As a complete overgeneralization:

Country people are better at learning things by themselves and have no problem asserting themselves as the best at what they do.

City people are better at working with others to accomplish a goal but often struggle in taking on new tasks and responsibilities.

In my experience, you see a lot more country people become city people than you do city become country. Not sure how this works logistically, but we’re going to go with it.

It’s also been my experience that if the country person decides to merge with the city world, they will often over-perform the city person.

It seems odd that this would be the case since they would have the obvious disadvantage of not being familiar with the normal city ways of life. However, this can become an asset for them. When you don’t know the “rules” it’s much easier to get away with breaking them.

What I’ve said so far is pretty much all in favor of the country person. Are they better in every way? They have serious advantages, which I’ll get into in a minute, but there are some glaring problems I often see.

Because the country person often has great success when moving into the city world, they tend to carry a lot of pride. City people are no stranger to pride, but this is a different kind of pride. It’s an “I don’t need to know this and I’m still successful” rather than the city person equivalent of “because I know this I’m successful.”
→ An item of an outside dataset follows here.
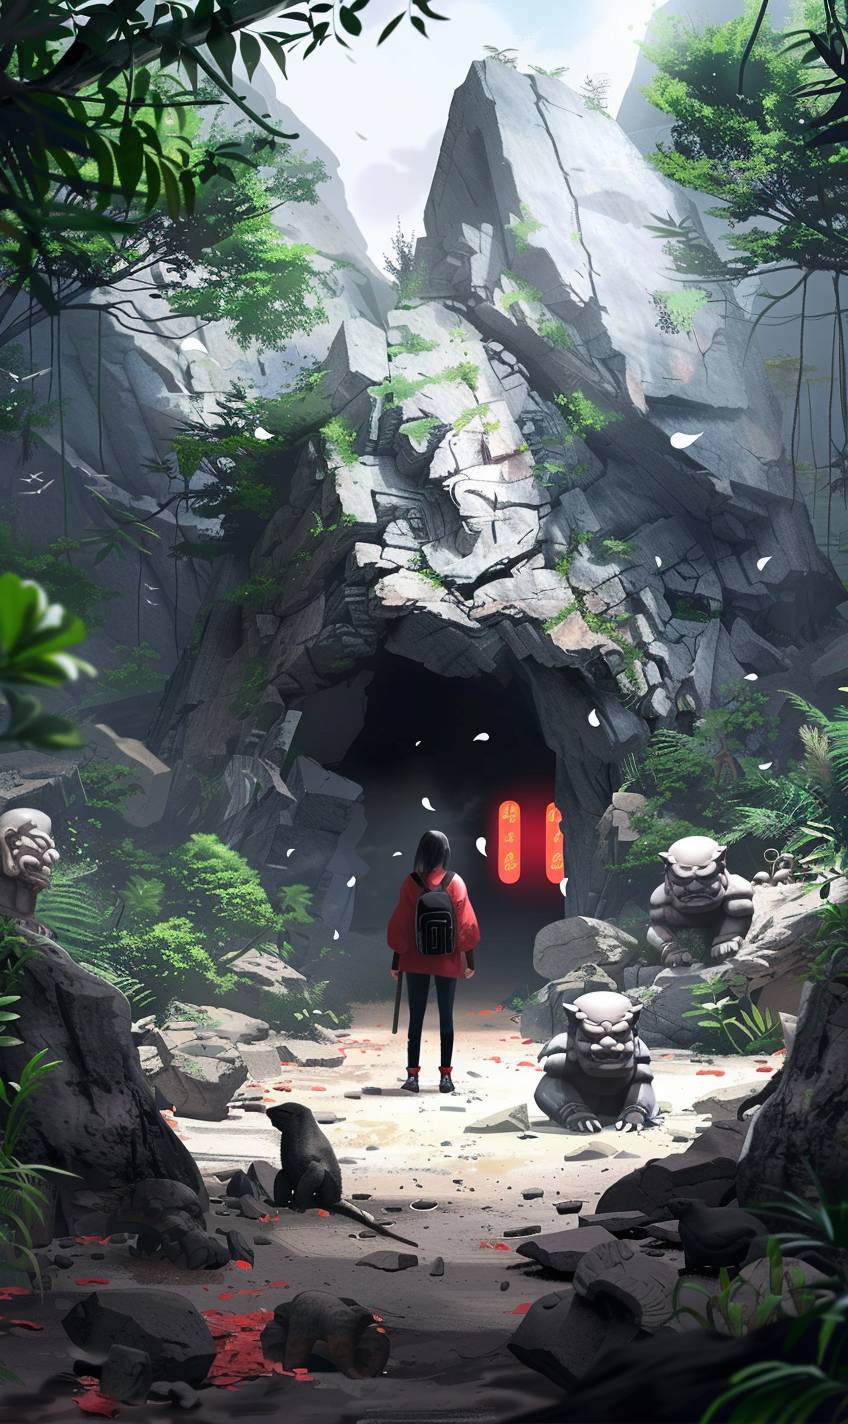 A mysterious explorer discovering an ancient, hidden temple deep in a dense jungle, with glowing runes and mythical creatures guarding the entrance

For this reason, country people work well as lone businessmen or sometimes as the drivers behind companies. You will very rarely see them in a customer facing role (though they can sometimes thrive in a sales role). The relatability factor is simply not there and the people skills that have been replaced by work ethic make them a tough fit working with others.

The biggest advantage or skill that I have seen country people possess is a skill to learn on their own. Country people from a young age are taught independence in many areas. We see this with things even like farmers permits. But it goes beyond this into chores, upkeep of property, often working on their own cars, making fixes on their house.

They usually come from a background of “if it’s broken, how broken is it?” Followed by “It’s broken enough that I have to fix it.”

This is one of the largest assets country people have. An ability to learn things that are new and foreign to them. This is why they often thrive once they switch over to the city. They don’t have many of the hard skills, but the soft skill of being able to learn quickly trumps not having the hard skills and they become very knowledgeable very fast.

They’ve learned independence.

I tried to do the opposite of the norm and learn how to be a county boy after being a city boy all growing up and it’s become clear to me that the only way to be a country boy is to grow up a country boy. It’s impossible to become one later.

I’ve learned a lot being city-minded while learning to comprehend country mindedness. I’m somewhere in the middle now – a mix.

There’s benefit in both kinds of person, just focus on the good parts of it and see how you can work on the other

If you can create a team with a balance of both, you’ve got yourself a pretty sweet deal.